* [Exercise materials]:
Start of Block
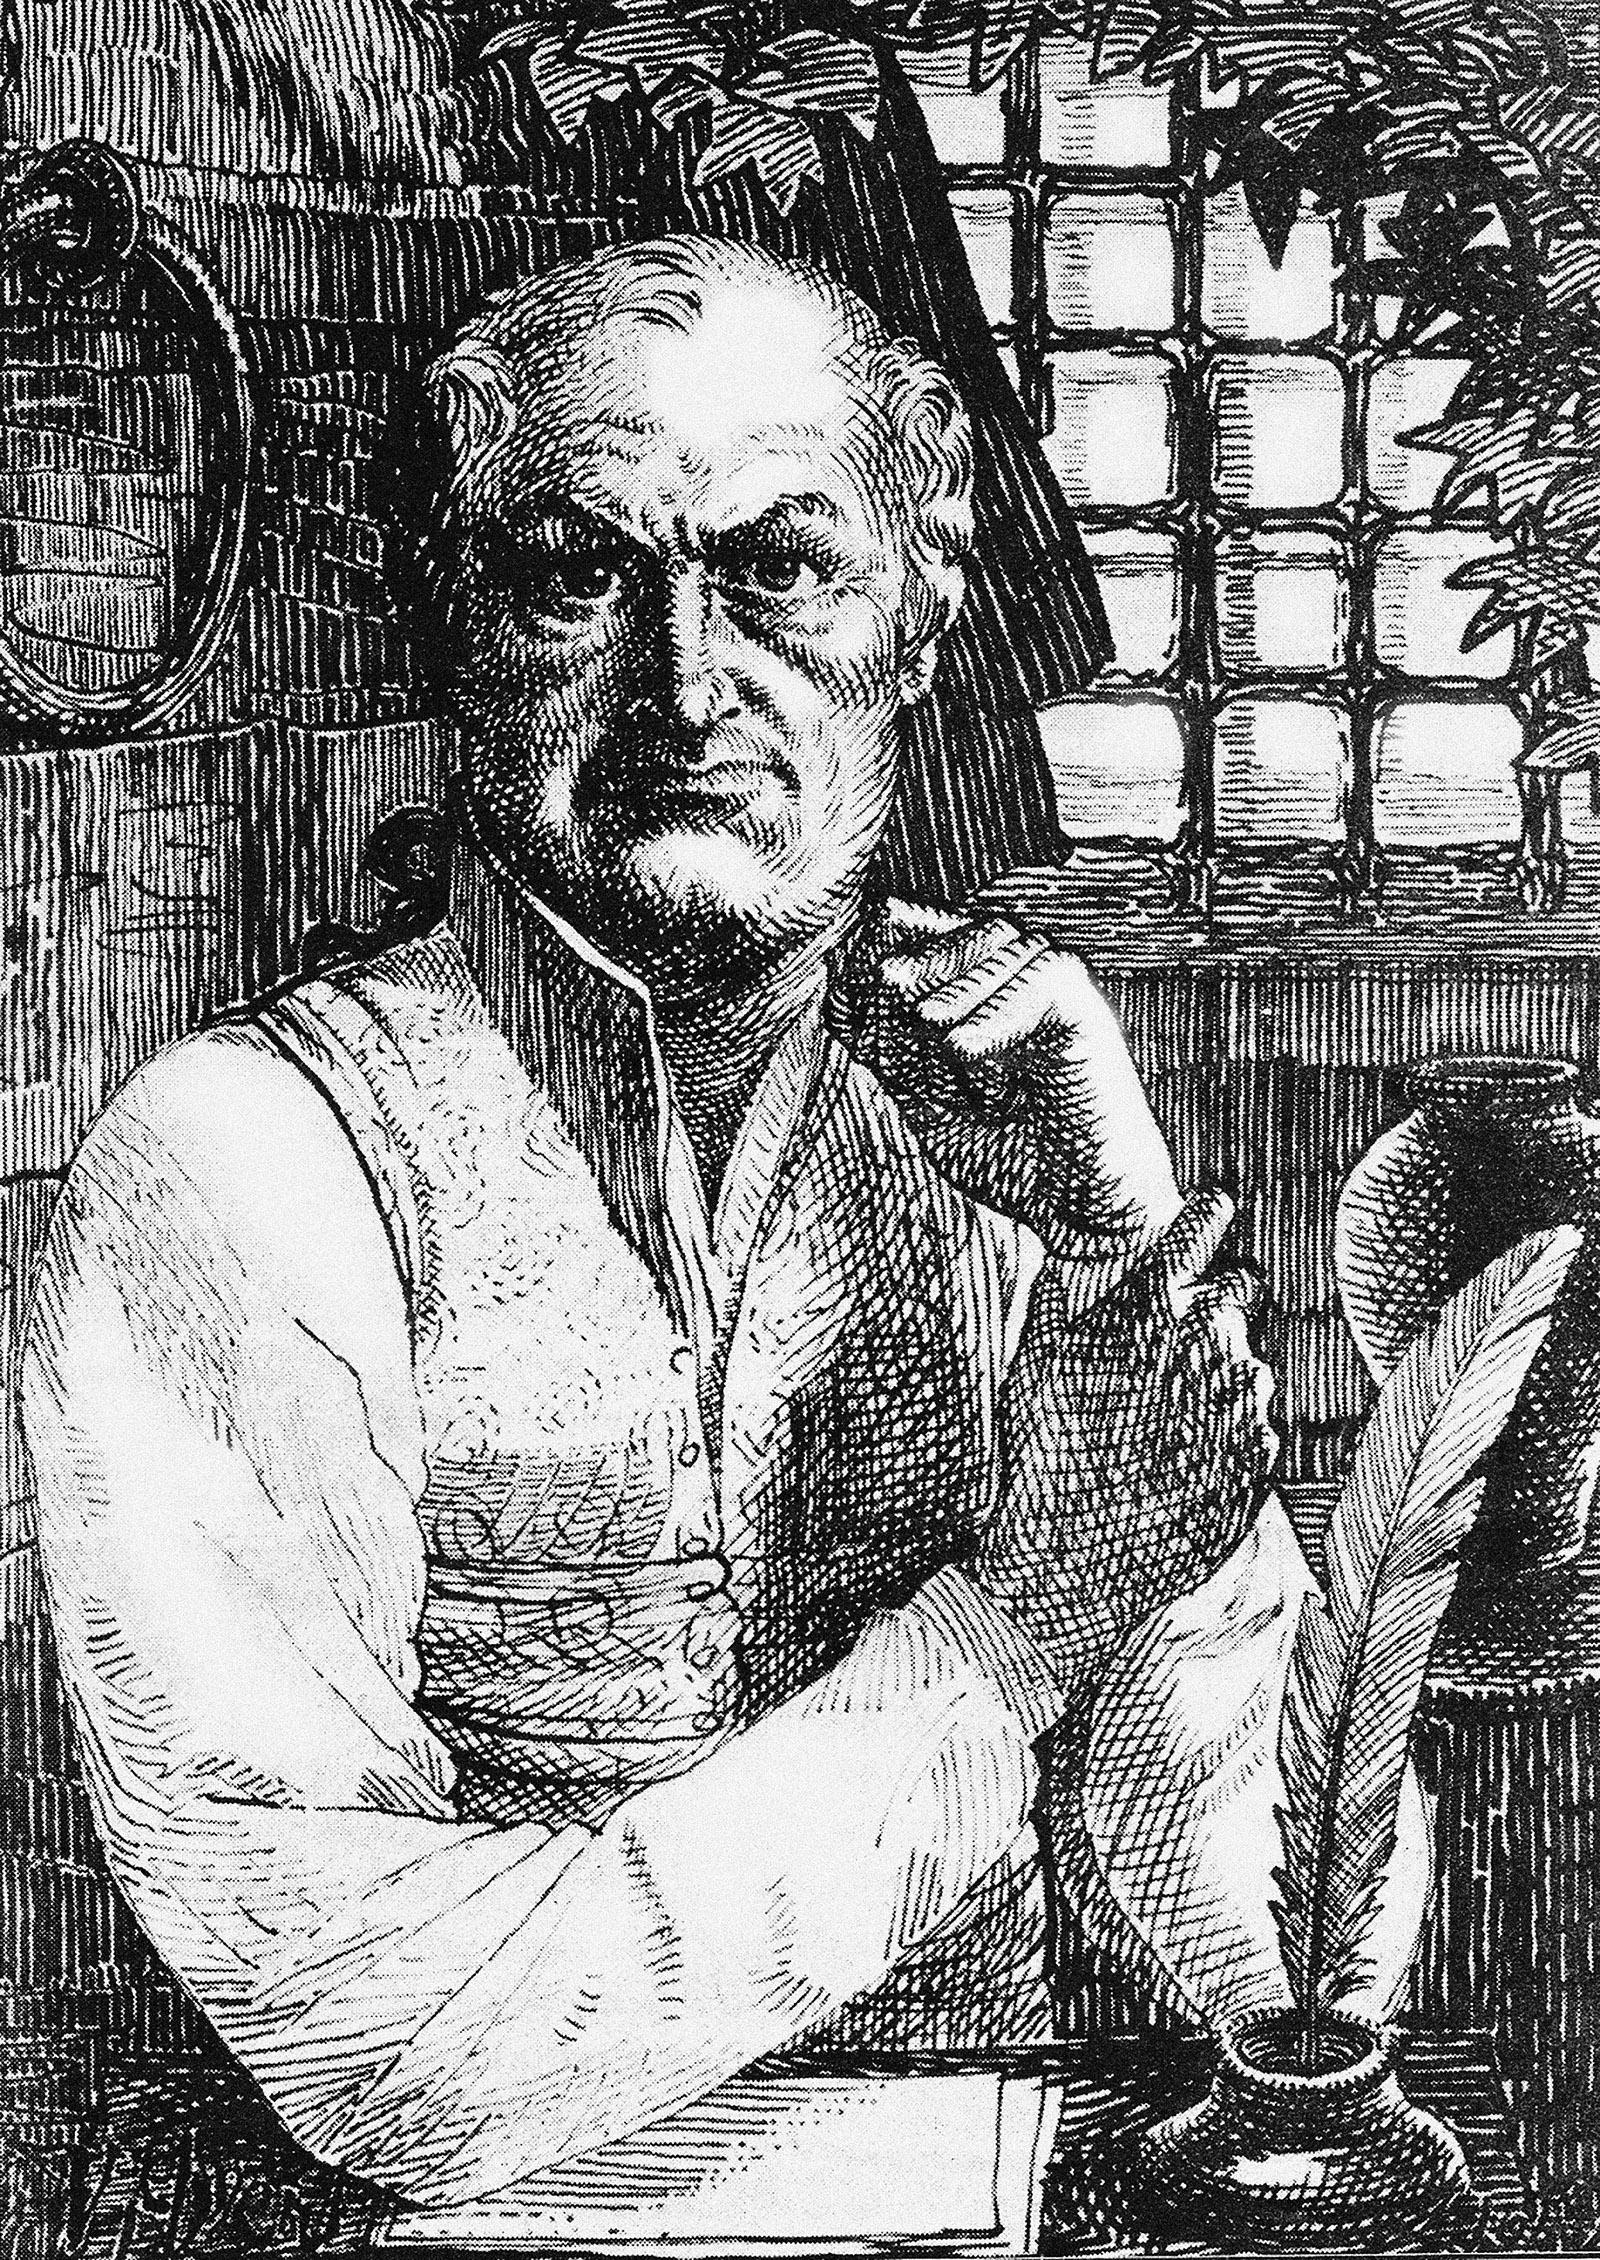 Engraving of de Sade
End of Block
Start of Block
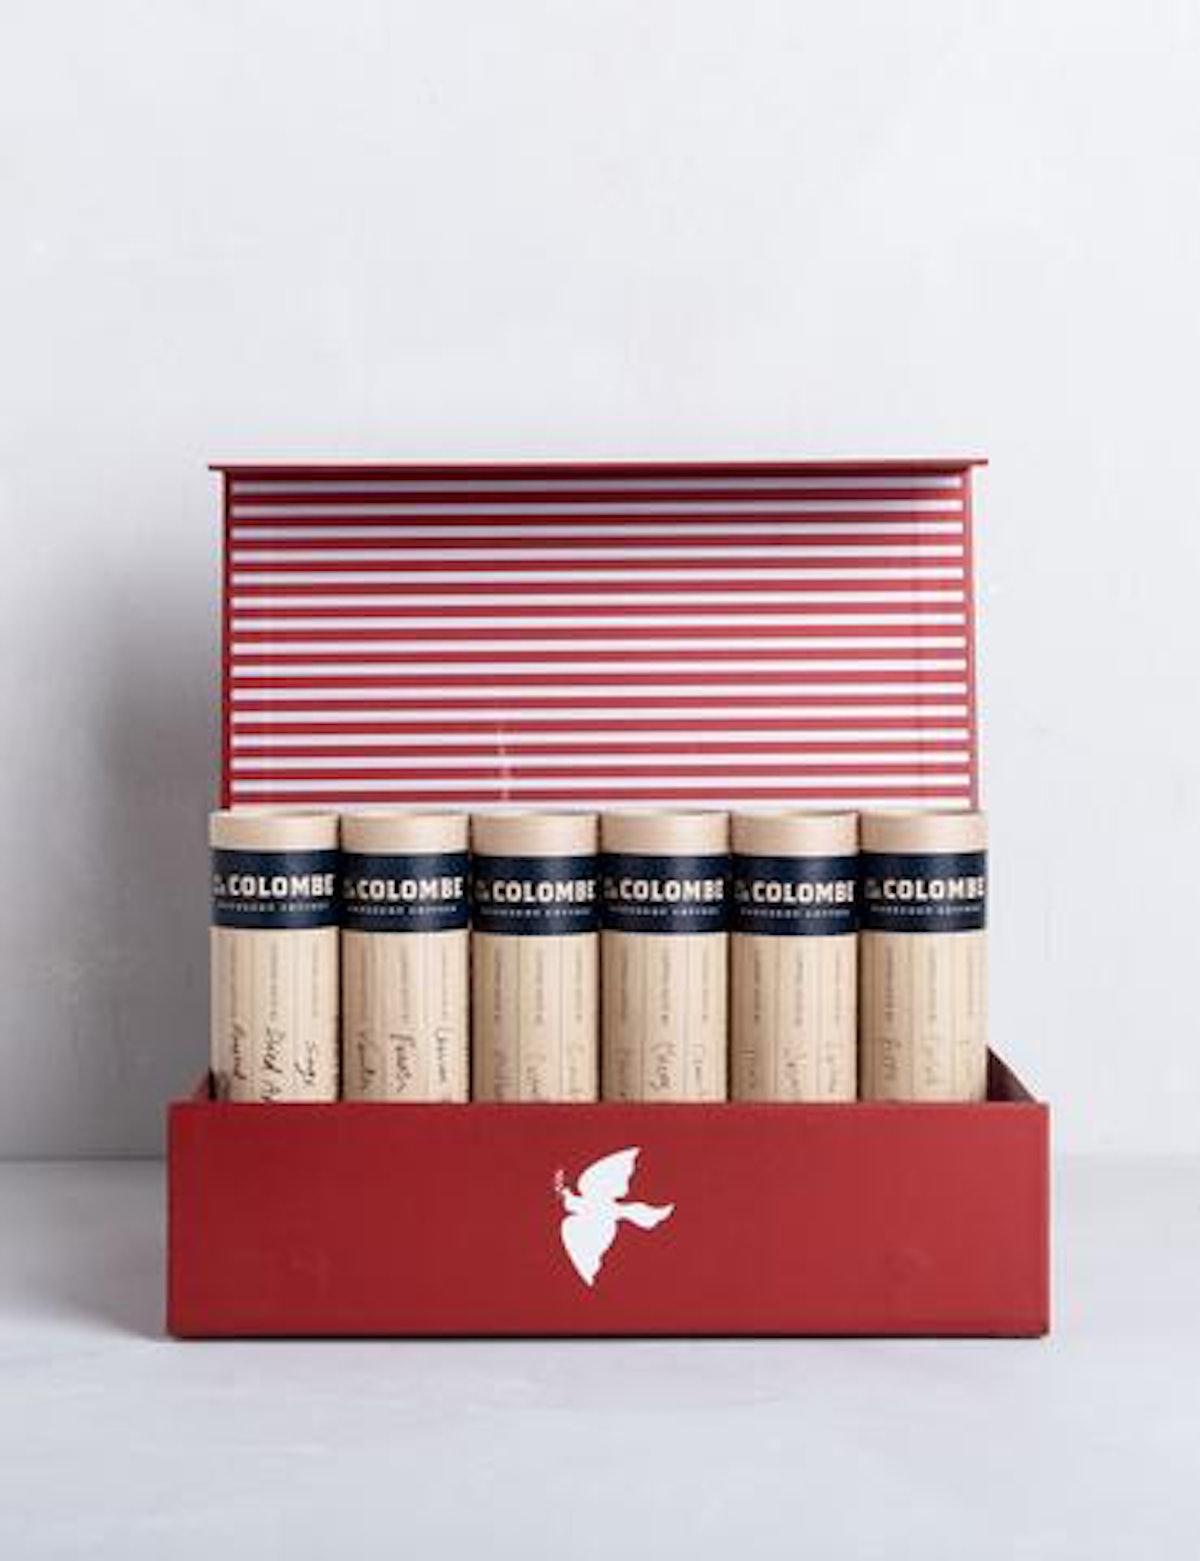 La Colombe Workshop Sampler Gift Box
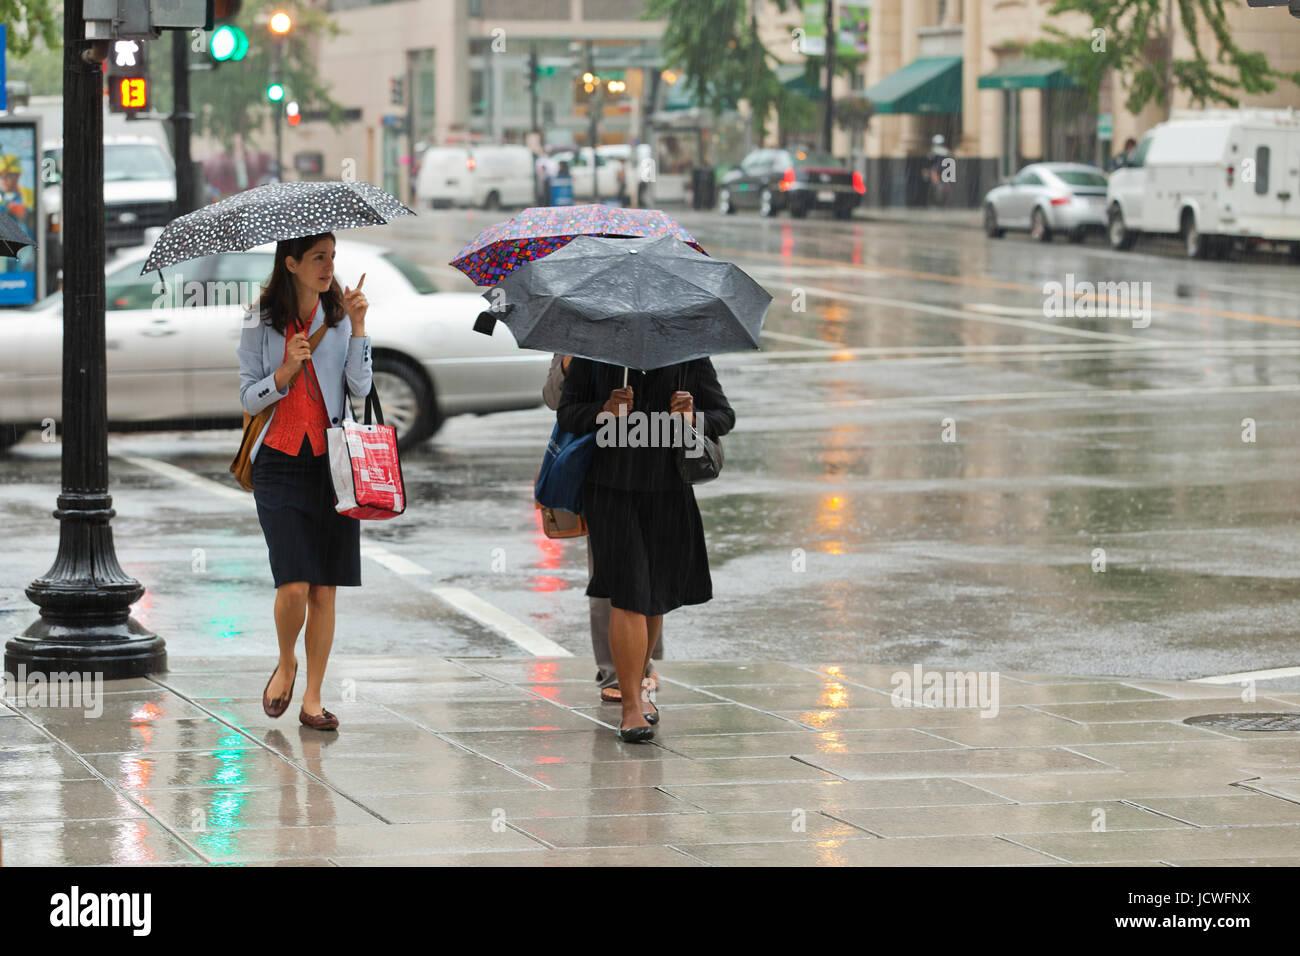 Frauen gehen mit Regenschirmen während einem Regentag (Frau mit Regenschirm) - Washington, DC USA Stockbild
End of Block
Start of Block
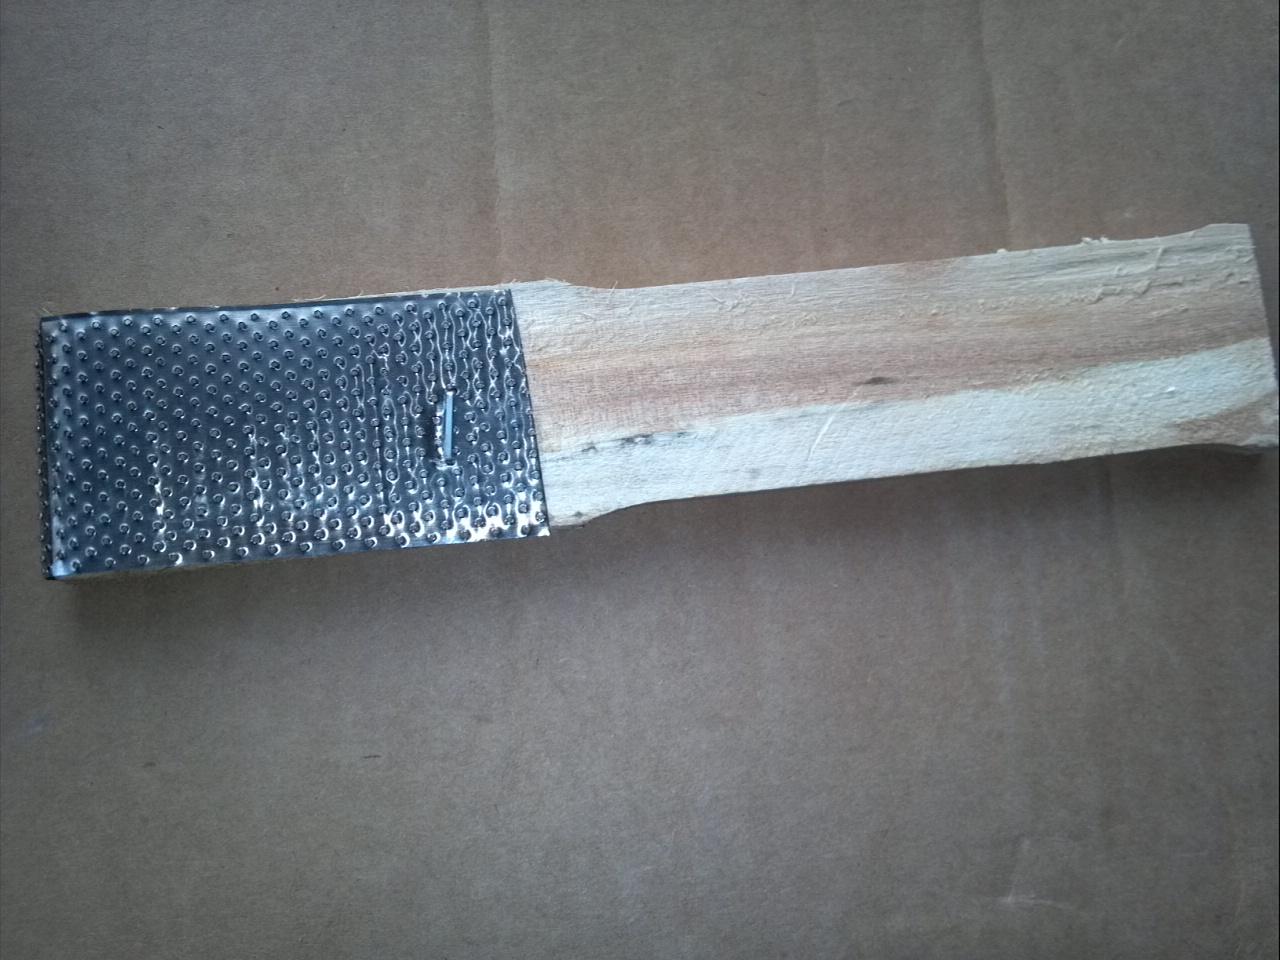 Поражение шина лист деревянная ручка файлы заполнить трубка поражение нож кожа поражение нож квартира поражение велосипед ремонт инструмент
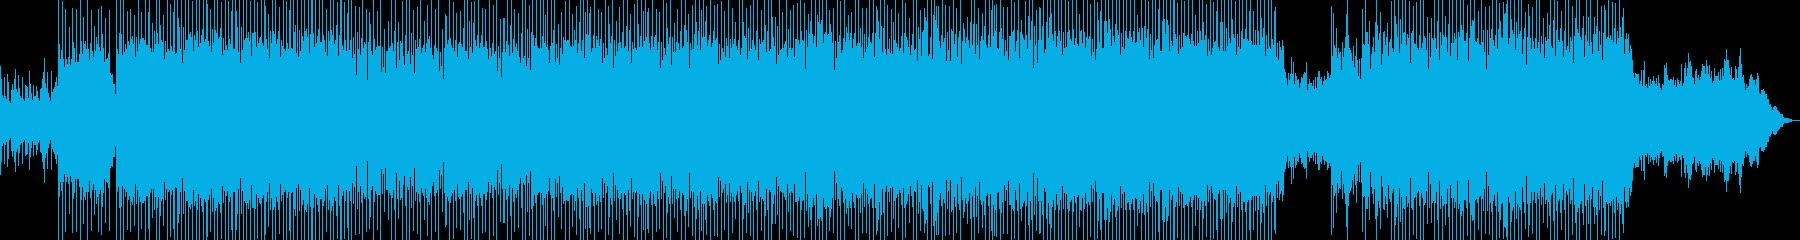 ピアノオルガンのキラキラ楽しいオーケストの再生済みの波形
End of Block
* [What you have to do]:
In the listing above, find the line with "Поражение шина лист" and the line with "ピアノオルガンのキラキラ楽しいオーケストの再生済みの波形". Set down exactly those lines and everything between them, skipping pictures.

* [Exercise answer]:
 Поражение шина лист деревянная ручка файлы заполнить трубка поражение нож кожа поражение нож квартира поражение велосипед ремонт инструмент
 ピアノオルガンのキラキラ楽しいオーケストの再生済みの波形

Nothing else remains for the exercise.